Brittany Ferries – which owns 25% of Condor and recently loaned the company one of its vessels – has signed a deal which would see ‘seagliders’ with a 50 to 150 passenger capacity sailing between the UK and France by 2028.
The concept, which is under development in the United States, is to transport passengers an electric-powered craft that harnesses ‘ground effect’ - the cushion created by high-pressure air trapped between wings and the ground or water while flying at low altitude.
Following departure from port, the craft rises on foils insulating passengers from wave discomfort. In open waters, it takes off, riding the air cushion all the way to its destination.

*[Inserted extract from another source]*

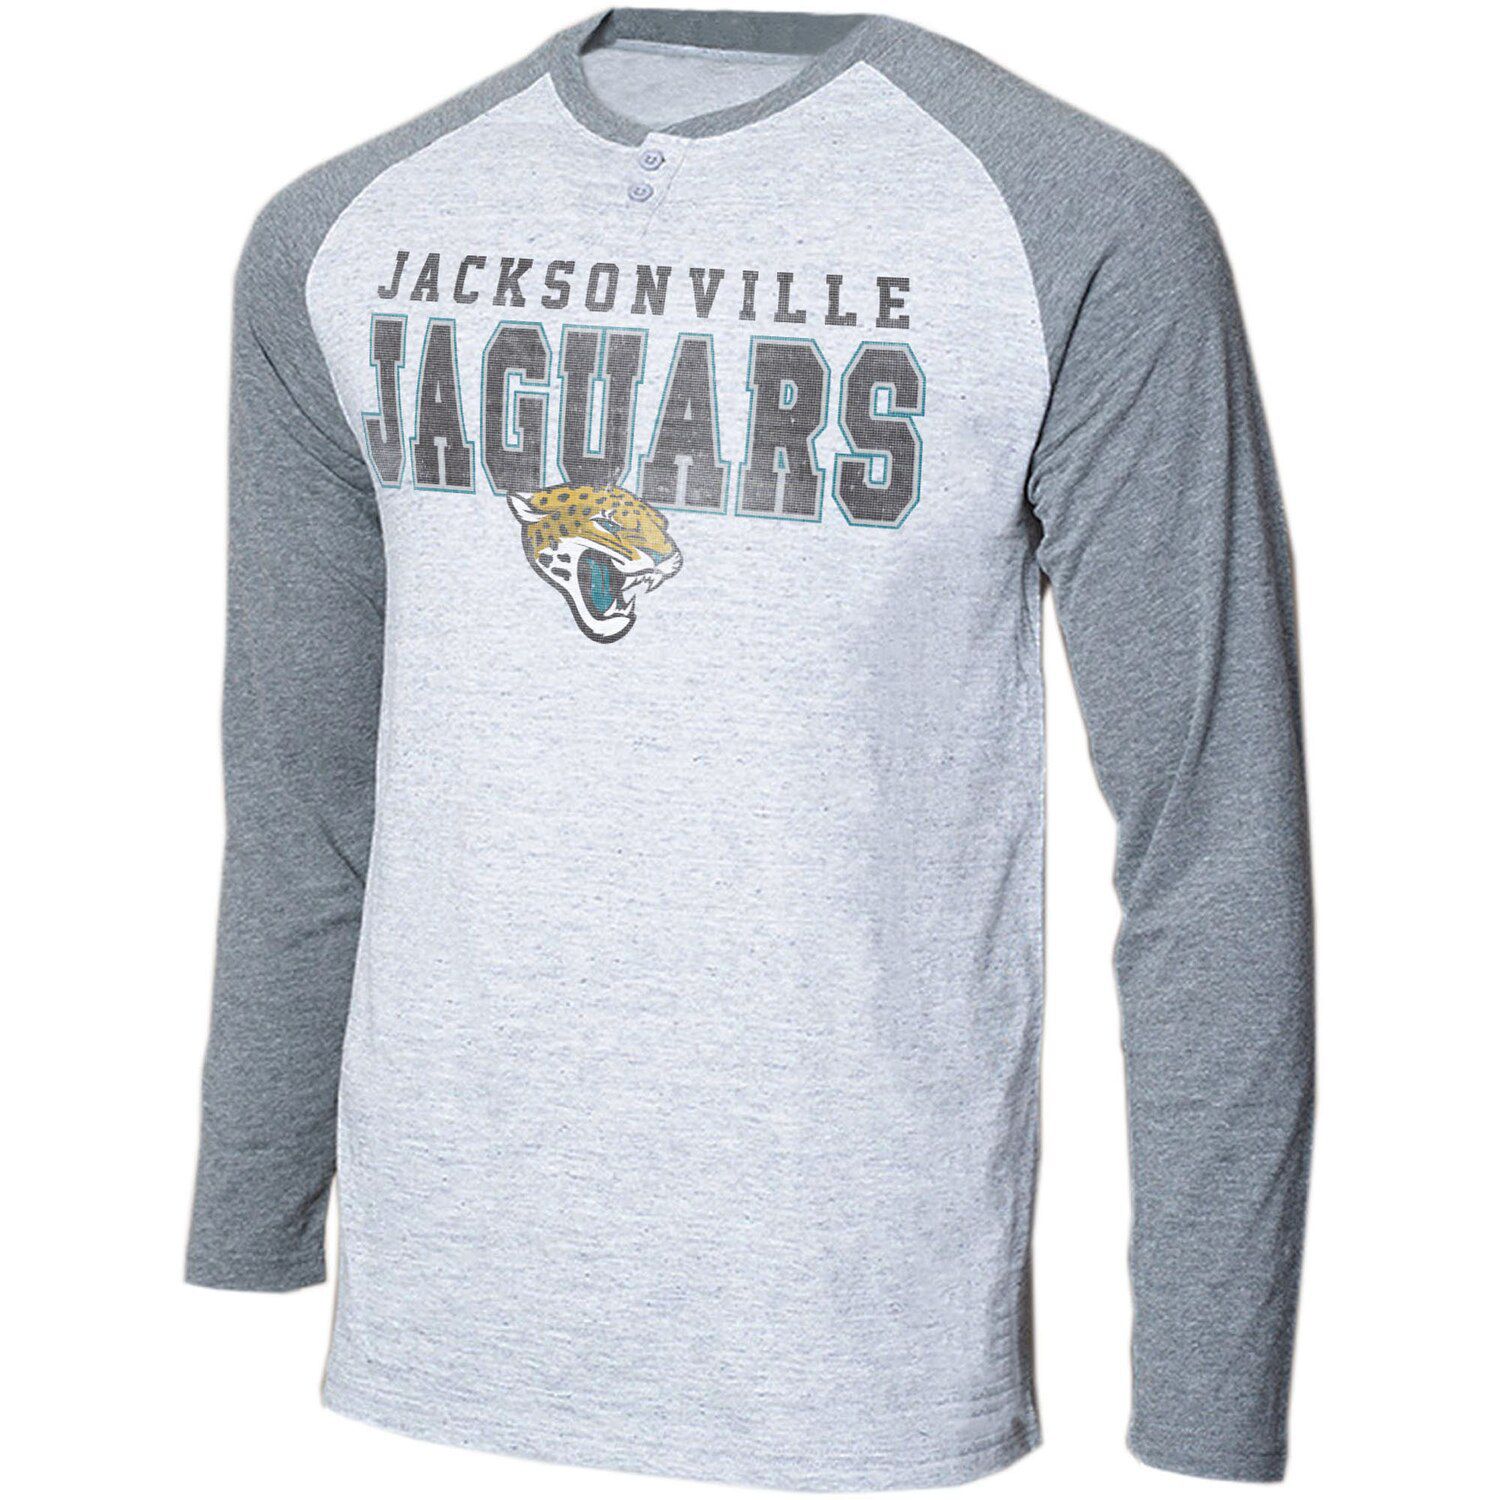 jacksonville shirt

Pictured: The craft are expected to fly at speeds of up to 180 mph.
Wing-mounted propellors provide the thrust to take to the air at low speeds, while electric motors regulate air flow over wings while riding the air cushion.
The craft are expected to fly at speeds of up to 180mph – six times faster than conventional ferries – with a battery-powered range of 180 miles.

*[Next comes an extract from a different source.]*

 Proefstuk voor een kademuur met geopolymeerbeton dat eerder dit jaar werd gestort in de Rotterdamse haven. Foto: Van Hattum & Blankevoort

The voyage from Portsmouth to Cherbourg, for example, could be covered in as little as 40 minutes.
The company developing the idea, a Boston-based firm called Regent, expect the first commercial passengers to travel on smaller electric craft by 2025.
Pictured: The seagligers would cut the crossing from Portsmouth to Cherbourg down to 40 minutes.

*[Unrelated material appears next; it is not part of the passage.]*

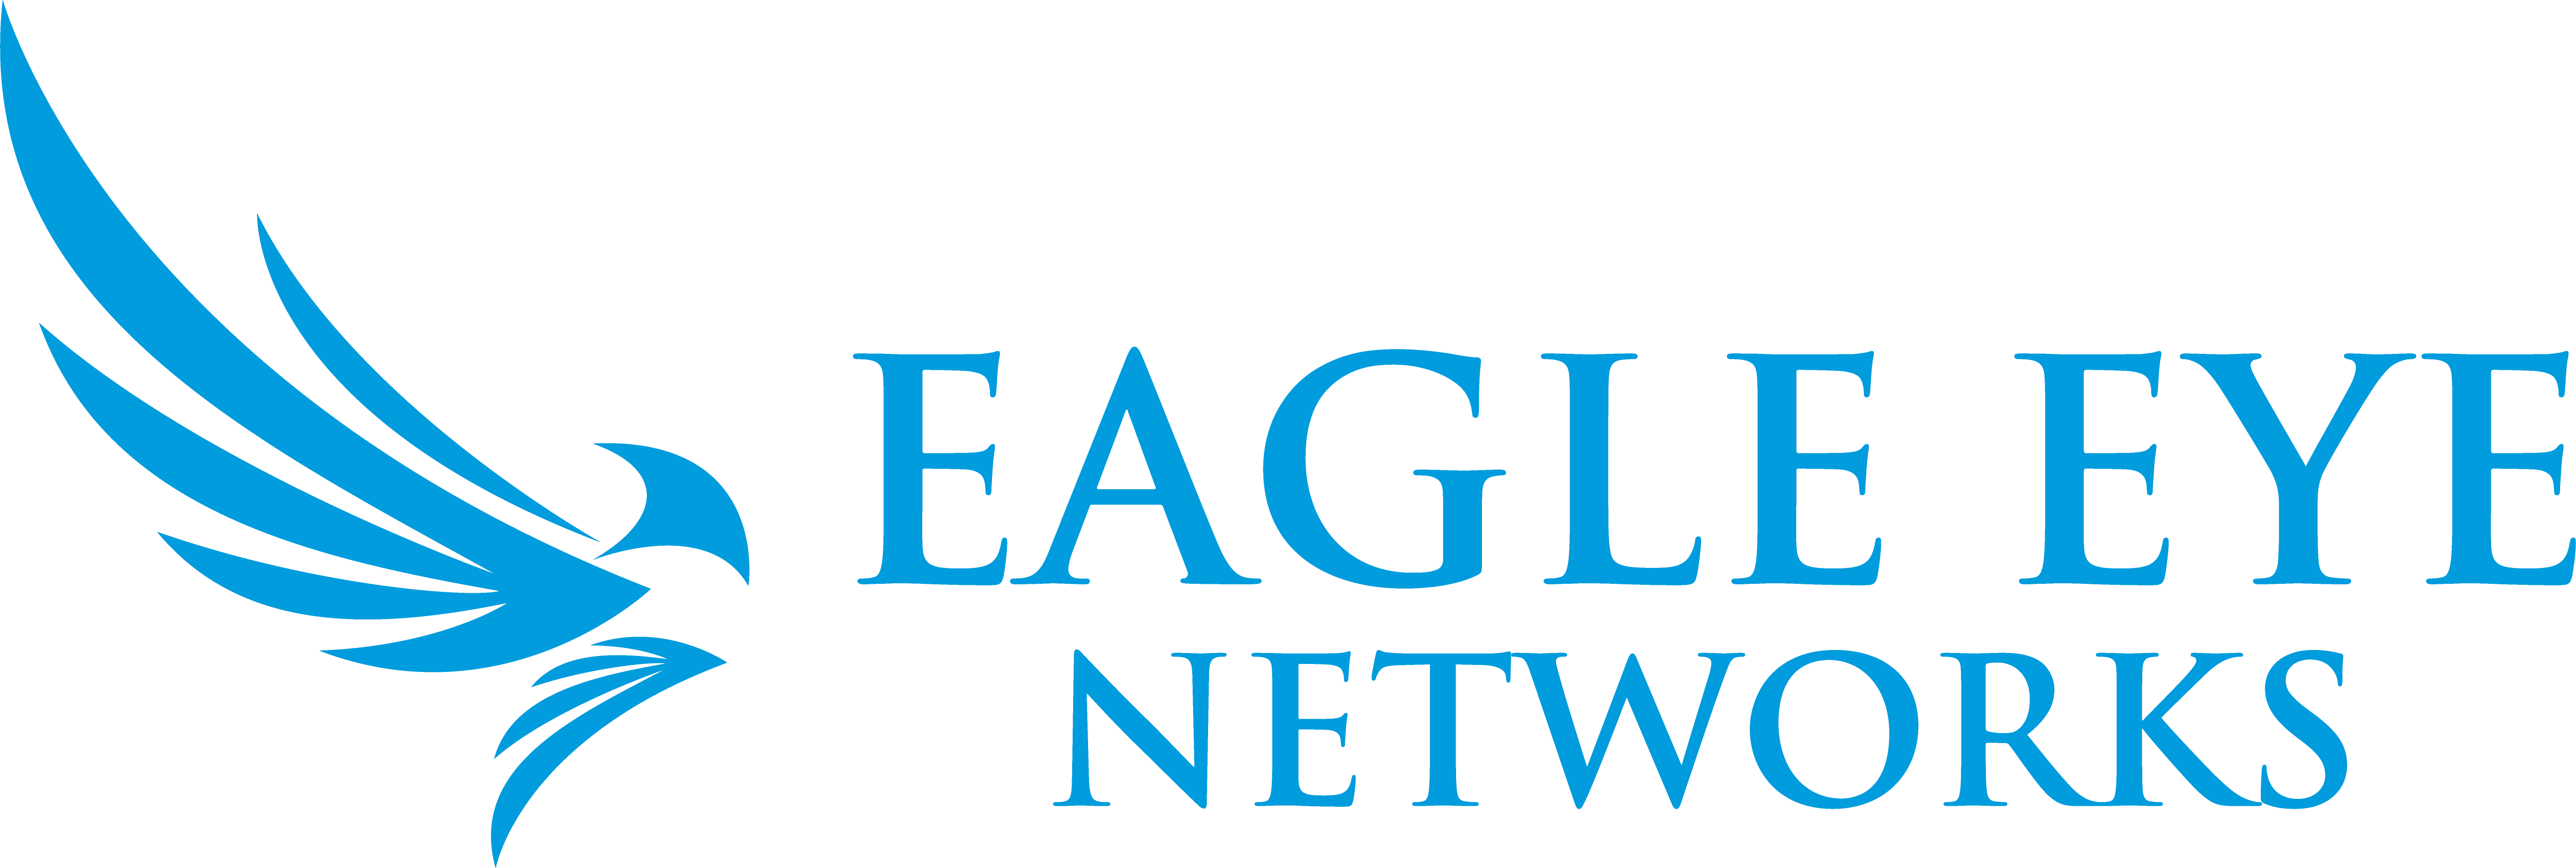 Eagle Eye Networks R

Frédéric Pouget, ports and operations director for Brittany Ferries, said: “Seaglider is an attractive and exciting concept and we look forward to working with Regent in the months and years to come.
“We are particularly pleased to contribute now because it means we can bring real-world challenges and potential applications into the company’s thinking at an early stage. We hope this may help bring commercial success in the years that follow. Who knows; this could be the birth of ferries that fly across the Channel.”
Although this would be a first for cross-Channel travel, ground-effect transport is not a new concept and was developed extensively during the Cold War, particularly by the Soviet Union, who built giant ‘ekranoplans’ capable of carrying troops, vehicles and missile systems.
The concept on riding on air is also employed by hovercraft, which use a skirt instead of wings. The wing-concept to provide lift is also used by hydrofoils, which were used by Condor in the 60s, 70s and 80s.